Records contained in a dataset
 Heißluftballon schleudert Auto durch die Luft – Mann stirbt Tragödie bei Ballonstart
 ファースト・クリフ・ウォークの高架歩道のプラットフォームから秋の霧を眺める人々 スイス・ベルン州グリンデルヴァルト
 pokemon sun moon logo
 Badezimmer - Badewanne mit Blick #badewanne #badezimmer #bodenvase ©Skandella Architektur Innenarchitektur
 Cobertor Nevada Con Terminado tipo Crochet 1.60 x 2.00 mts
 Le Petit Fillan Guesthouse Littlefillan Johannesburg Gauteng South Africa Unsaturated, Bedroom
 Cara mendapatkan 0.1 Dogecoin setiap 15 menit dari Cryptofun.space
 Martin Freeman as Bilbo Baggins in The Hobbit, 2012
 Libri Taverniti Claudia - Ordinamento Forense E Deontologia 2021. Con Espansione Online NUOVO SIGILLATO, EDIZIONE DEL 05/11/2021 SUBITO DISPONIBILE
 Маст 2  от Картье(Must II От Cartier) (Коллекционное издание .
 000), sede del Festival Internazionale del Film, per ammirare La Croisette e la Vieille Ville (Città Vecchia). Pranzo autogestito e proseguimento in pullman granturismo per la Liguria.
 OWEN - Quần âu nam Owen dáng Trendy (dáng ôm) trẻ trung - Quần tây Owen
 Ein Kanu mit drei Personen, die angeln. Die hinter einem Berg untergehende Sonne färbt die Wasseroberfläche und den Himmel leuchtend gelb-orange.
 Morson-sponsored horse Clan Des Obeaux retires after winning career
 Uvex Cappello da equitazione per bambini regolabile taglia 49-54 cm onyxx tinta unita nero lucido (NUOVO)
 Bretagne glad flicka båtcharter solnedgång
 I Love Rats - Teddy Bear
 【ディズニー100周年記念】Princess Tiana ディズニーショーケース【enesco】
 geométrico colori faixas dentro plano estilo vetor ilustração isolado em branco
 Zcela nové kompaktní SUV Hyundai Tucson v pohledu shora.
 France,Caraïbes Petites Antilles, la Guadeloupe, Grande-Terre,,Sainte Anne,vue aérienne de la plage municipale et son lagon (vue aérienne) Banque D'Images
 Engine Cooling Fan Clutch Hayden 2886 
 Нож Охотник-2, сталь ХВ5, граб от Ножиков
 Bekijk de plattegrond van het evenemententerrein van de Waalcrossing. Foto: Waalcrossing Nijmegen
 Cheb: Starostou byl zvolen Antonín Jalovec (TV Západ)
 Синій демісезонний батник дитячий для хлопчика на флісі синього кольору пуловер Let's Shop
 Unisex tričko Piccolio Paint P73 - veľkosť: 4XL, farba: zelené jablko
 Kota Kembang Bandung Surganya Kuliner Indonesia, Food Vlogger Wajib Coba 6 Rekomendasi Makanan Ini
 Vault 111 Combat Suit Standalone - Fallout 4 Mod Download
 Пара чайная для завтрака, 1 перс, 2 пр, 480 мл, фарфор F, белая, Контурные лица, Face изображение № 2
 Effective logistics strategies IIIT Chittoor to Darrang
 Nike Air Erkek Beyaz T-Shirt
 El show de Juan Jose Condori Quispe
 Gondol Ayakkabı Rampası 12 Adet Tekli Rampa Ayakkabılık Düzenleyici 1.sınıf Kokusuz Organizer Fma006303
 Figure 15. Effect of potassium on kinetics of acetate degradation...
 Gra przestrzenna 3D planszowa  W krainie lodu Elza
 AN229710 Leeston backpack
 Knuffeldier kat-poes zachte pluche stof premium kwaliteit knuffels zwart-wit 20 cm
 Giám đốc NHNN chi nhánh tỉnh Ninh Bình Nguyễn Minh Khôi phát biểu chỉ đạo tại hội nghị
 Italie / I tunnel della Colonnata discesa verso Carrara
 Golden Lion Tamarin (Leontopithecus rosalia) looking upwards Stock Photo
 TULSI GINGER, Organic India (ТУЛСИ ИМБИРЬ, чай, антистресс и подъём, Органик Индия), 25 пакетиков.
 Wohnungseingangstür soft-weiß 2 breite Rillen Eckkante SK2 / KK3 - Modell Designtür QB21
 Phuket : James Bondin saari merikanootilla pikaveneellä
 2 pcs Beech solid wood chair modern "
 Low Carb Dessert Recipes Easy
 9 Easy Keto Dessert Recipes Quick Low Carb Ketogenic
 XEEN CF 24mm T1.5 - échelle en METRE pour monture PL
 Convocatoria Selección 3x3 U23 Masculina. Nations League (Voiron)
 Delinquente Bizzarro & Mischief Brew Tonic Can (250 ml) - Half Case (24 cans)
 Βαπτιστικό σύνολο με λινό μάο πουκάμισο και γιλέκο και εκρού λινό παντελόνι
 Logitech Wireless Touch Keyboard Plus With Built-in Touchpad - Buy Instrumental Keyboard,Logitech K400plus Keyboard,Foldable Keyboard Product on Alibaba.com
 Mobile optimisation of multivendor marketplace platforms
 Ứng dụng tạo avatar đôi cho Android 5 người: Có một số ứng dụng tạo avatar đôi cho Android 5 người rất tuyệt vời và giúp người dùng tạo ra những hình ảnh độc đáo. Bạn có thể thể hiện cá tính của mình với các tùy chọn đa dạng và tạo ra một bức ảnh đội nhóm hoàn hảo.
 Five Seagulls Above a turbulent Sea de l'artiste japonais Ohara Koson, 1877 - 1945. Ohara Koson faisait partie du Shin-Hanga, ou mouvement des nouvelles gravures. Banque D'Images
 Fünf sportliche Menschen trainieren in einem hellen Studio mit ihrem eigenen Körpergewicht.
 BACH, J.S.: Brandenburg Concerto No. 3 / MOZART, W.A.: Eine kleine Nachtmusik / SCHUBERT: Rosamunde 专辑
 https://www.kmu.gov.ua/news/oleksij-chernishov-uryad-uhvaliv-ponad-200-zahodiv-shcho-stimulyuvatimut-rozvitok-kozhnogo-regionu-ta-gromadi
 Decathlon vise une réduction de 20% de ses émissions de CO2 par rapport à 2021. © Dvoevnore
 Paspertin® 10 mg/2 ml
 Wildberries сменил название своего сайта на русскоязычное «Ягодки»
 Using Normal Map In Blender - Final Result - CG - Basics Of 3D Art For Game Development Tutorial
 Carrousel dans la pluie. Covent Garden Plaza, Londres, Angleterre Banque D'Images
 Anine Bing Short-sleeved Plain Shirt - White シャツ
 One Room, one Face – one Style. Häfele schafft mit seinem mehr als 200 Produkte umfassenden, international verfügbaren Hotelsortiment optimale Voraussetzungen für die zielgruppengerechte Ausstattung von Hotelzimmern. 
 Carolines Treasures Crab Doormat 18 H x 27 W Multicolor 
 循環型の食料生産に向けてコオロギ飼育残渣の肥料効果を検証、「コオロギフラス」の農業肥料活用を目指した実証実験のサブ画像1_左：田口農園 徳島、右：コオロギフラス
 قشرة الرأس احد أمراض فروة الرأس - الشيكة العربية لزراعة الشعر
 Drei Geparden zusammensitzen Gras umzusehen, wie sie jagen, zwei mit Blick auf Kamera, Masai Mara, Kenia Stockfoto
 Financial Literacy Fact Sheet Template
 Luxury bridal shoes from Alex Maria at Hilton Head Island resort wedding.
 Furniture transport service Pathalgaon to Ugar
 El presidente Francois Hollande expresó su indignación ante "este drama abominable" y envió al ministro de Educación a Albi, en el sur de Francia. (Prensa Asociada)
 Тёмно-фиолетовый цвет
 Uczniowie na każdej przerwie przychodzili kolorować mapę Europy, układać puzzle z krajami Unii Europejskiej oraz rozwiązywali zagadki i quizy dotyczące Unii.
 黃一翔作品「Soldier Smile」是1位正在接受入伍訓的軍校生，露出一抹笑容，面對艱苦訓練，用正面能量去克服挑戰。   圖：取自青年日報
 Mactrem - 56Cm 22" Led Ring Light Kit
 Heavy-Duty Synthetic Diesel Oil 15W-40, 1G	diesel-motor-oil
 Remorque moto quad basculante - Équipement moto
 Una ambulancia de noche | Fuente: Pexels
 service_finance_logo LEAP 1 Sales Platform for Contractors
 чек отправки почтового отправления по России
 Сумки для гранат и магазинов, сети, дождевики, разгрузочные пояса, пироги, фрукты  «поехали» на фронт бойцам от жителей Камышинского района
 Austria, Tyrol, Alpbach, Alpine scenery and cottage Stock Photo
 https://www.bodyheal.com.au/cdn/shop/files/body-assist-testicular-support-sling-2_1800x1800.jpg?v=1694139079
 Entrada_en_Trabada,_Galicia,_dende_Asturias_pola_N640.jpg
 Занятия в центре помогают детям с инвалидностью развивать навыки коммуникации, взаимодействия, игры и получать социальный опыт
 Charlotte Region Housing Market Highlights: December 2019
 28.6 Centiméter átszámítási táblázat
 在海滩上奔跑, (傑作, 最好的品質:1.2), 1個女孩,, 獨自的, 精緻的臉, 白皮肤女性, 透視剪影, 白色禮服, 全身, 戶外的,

» **TASK STATEMENT**
From the data above, output exactly the lines between the one containing "Luxury bridal shoes" and the one containing "Mactrem - 56Cm", counting both of them.

» **ANSWER TO THIS TASK**
 Luxury bridal shoes from Alex Maria at Hilton Head Island resort wedding.
 Furniture transport service Pathalgaon to Ugar
 El presidente Francois Hollande expresó su indignación ante "este drama abominable" y envió al ministro de Educación a Albi, en el sur de Francia. (Prensa Asociada)
 Тёмно-фиолетовый цвет
 Uczniowie na każdej przerwie przychodzili kolorować mapę Europy, układać puzzle z krajami Unii Europejskiej oraz rozwiązywali zagadki i quizy dotyczące Unii.
 黃一翔作品「Soldier Smile」是1位正在接受入伍訓的軍校生，露出一抹笑容，面對艱苦訓練，用正面能量去克服挑戰。   圖：取自青年日報
 Mactrem - 56Cm 22" Led Ring Light Kit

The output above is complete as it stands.